## EXERCISE AIM
For this exercise, retype the lines from the one that holds "Apple tree in" through the one that holds "Who Do Narcissists Fear The Most?" in the records below, both included, exactly and without pictures.

## INPUT DATA
------------------------------
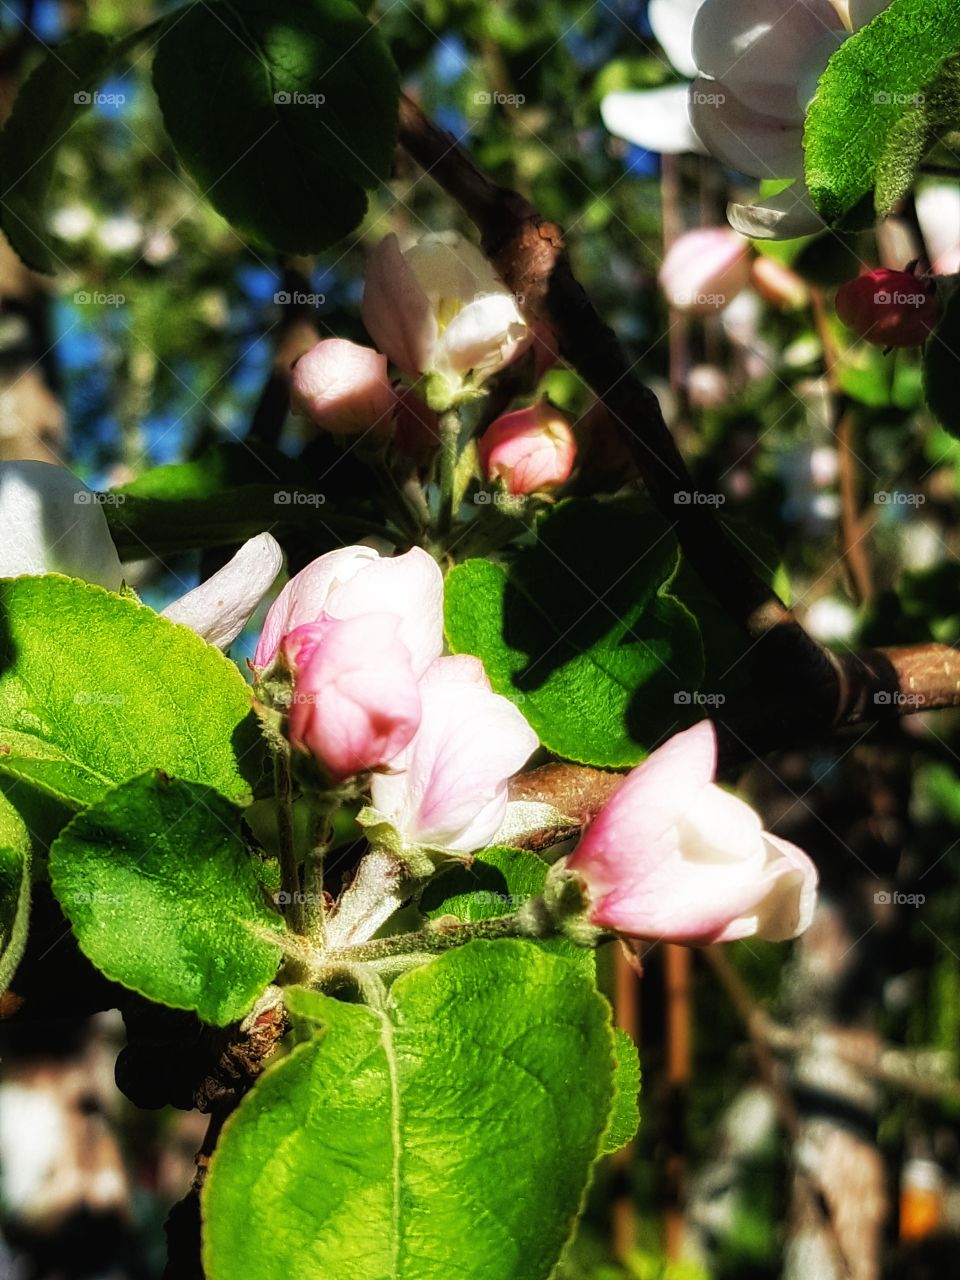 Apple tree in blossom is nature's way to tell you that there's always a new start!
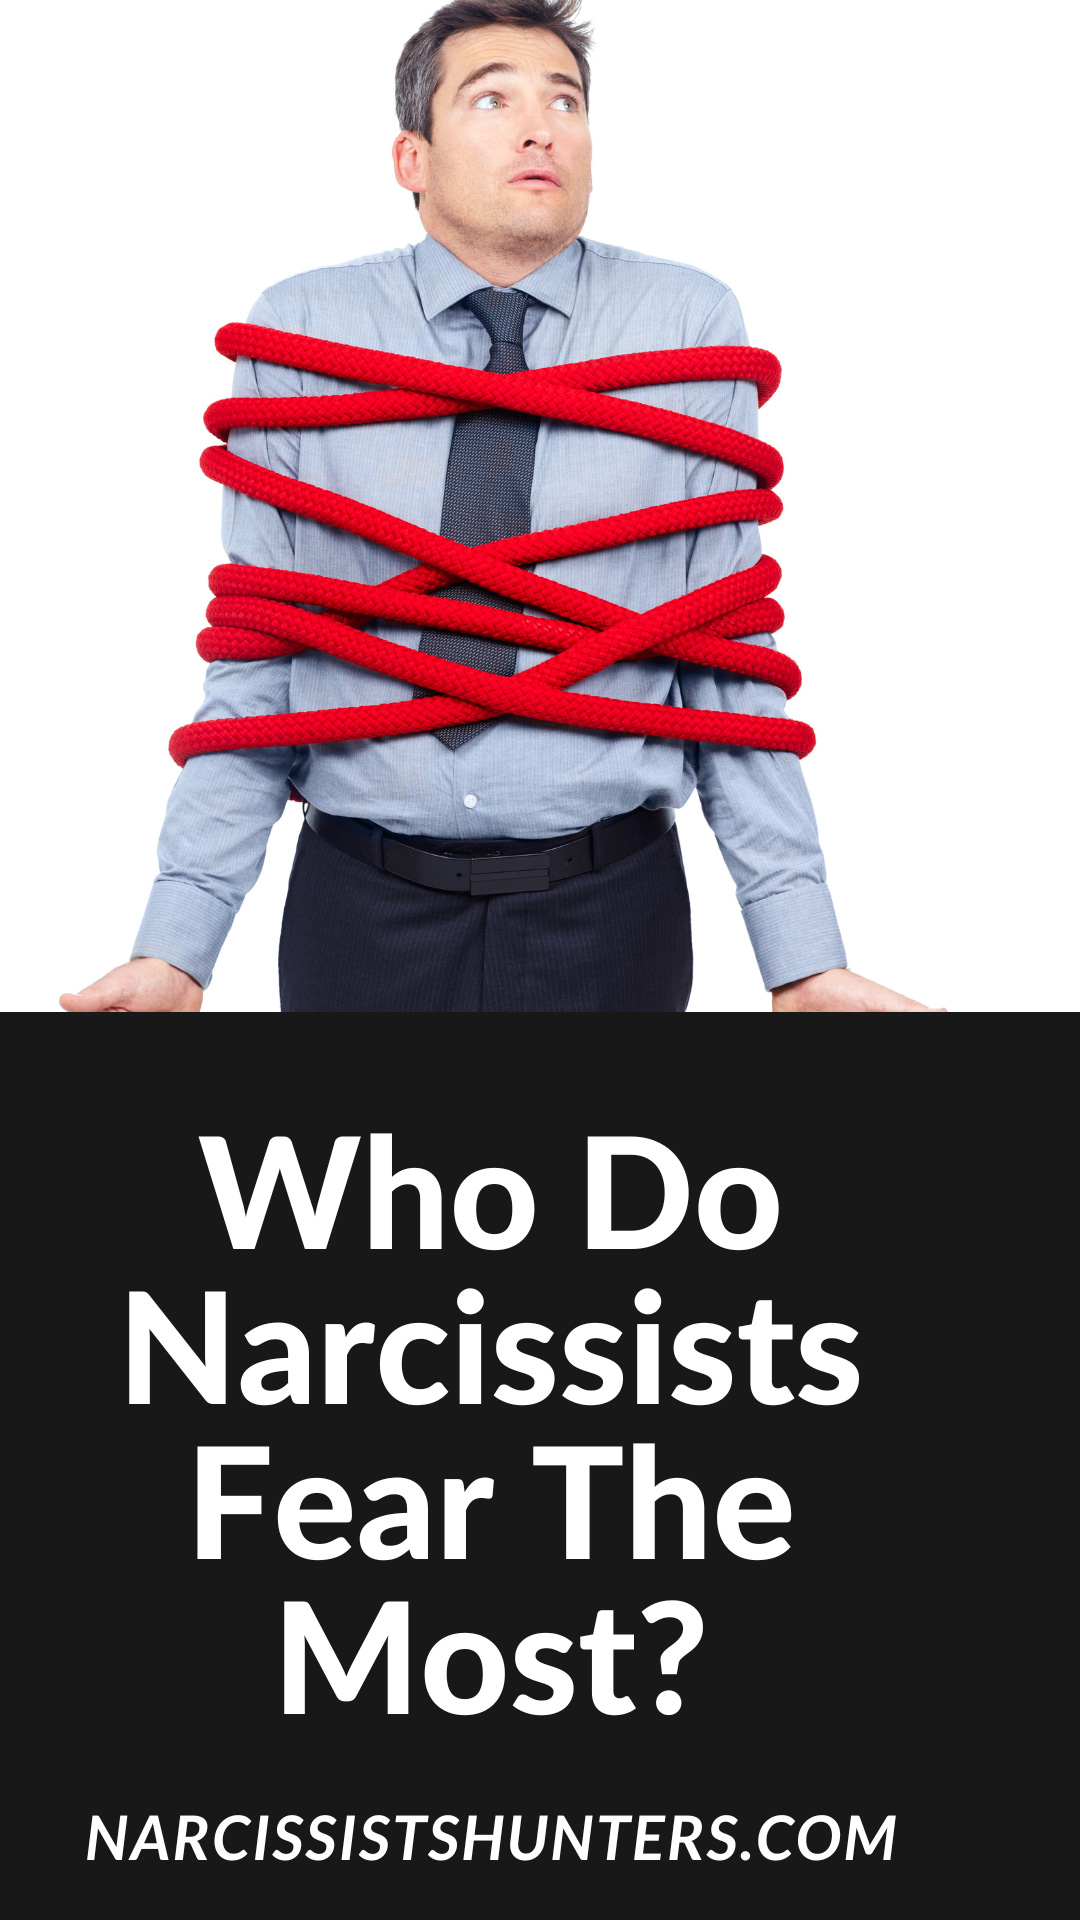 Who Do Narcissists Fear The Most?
------------------------------
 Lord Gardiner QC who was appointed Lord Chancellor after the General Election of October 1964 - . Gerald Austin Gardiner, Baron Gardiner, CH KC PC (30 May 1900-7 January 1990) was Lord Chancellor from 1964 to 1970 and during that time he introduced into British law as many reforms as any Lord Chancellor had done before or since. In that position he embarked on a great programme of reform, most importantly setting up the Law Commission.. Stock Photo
------------------------------
## WRITTEN ANSWER
 Apple tree in blossom is nature's way to tell you that there's always a new start!
 Who Do Narcissists Fear The Most?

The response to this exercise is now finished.